Cubrick... A classical movie, really love it. Apocalypse is also a good Nam film but quite about something different.


----------



## P38 Pilot (Sep 20, 2005)

Apocalyspe Now was WIERD. First they are traveling down river and the next thing to happen is that their with the natives!! My favorite Nam movies are Hamburger Hill, Full Metal Jacket, We Were Soldiers, and Platoon.


----------



## DerAdlerIstGelandet (Sep 23, 2005)

I loved Apocolypse Now. All time classic.


----------



## Pisis (Sep 23, 2005)

I didn't see any of the Hamburger Hill, We Were Soldiers, and Platoon movies, since they're hardly to be achieved here. Just maybe in some DVD rental office.......


----------



## cheddar cheese (Sep 23, 2005)

DerAdlerIstGelandet said:


> I loved Apocolypse Now. All time classic.



Its awesome up to the crazy native people at the end. Then its real pants.


----------



## FLYBOYJ (Sep 23, 2005)

DerAdlerIstGelandet said:


> I loved Apocolypse Now. All time classic.

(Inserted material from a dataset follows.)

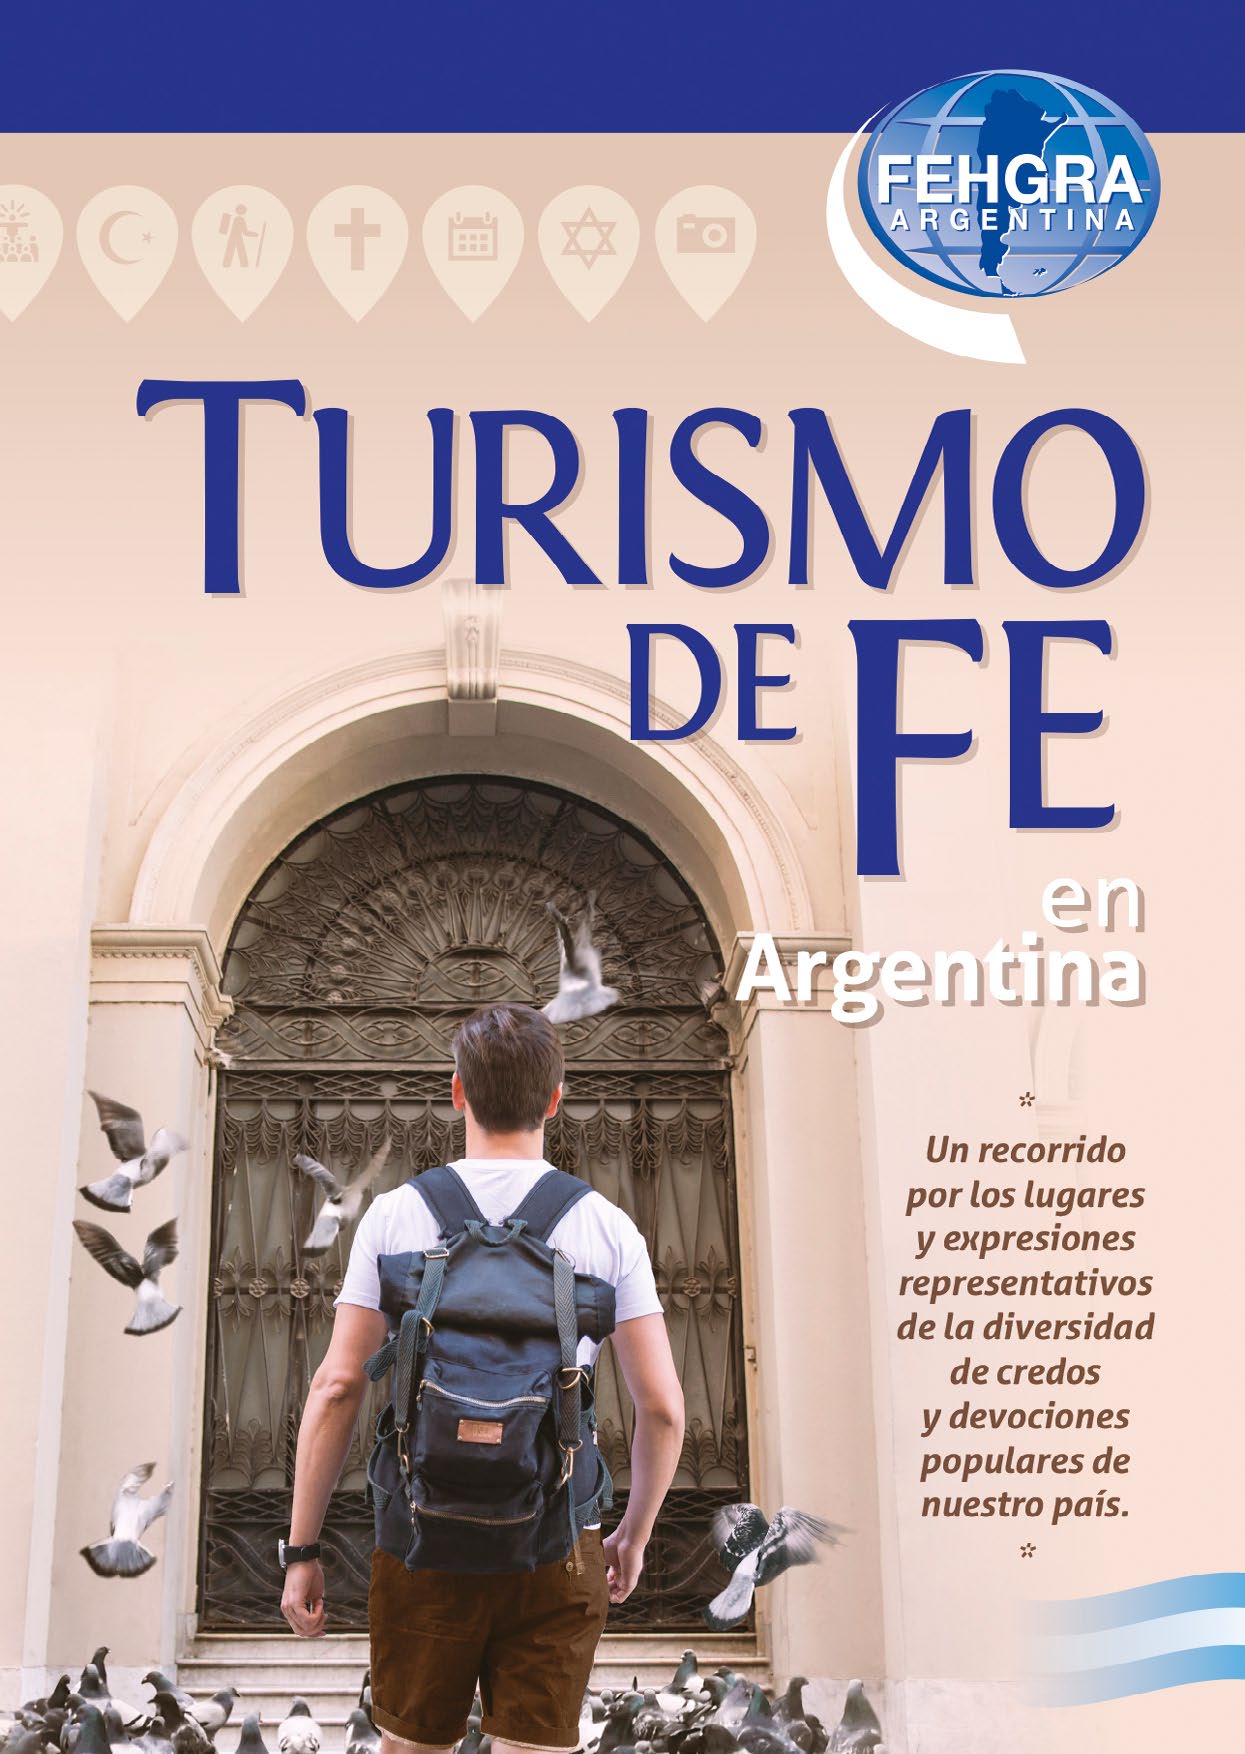 Tapa del libro Turismo de Fe en Argentina - FEHGRA

My brother (2 tour Viet Nam Vet) says in his opinion this movie was the most authentic Viet Nam movie as far as the chaos and confusion. After he saw it he had his recurring nightmares comeback


----------



## the lancaster kicks ass (Sep 24, 2005)

i've never seen it.........


----------



## P38 Pilot (Sep 24, 2005)

Yeah but what about We Were Soldiers? I have actually met the Lt.Colonel who was in charge of the men fighting there. He's a great guy, always put the men 1st before anything else.

Now here's Hamburger Hill. I think Hamburger Hill is realistic. I had a Cousin to fight there. He doesent talk about it much, but my other cousin who also fought in Vietnam is going to get him.


----------



## Pisis (Sep 24, 2005)

Yeah, the Apocalypse purely shows the atmosphere there...........


----------



## DerAdlerIstGelandet (Sep 24, 2005)

It deffinatly is a crazy movie and in my opinion the best Vietnam movie.


----------



## P38 Pilot (Sep 24, 2005)

Apocalyspe Now isnt my favorite but it was interesting. I still think We Were Soldiers, Hamburger Hill, and Platoon are the best.


----------



## DerAdlerIstGelandet (Sep 25, 2005)

Those are good but not my favorites.


----------



## P38 Pilot (Sep 25, 2005)

We should make a all time favorite war movie thread!


----------



## DerAdlerIstGelandet (Sep 25, 2005)

Its already been done basically but if you want to start another go ahead.


----------



## P38 Pilot (Sep 25, 2005)

Cool. I thought the thread was about WWII movies only? This one will be an Any War Movie thread from past to the present!

Im going to start it right now!


----------



## DerAdlerIstGelandet (Sep 25, 2005)

Okay


----------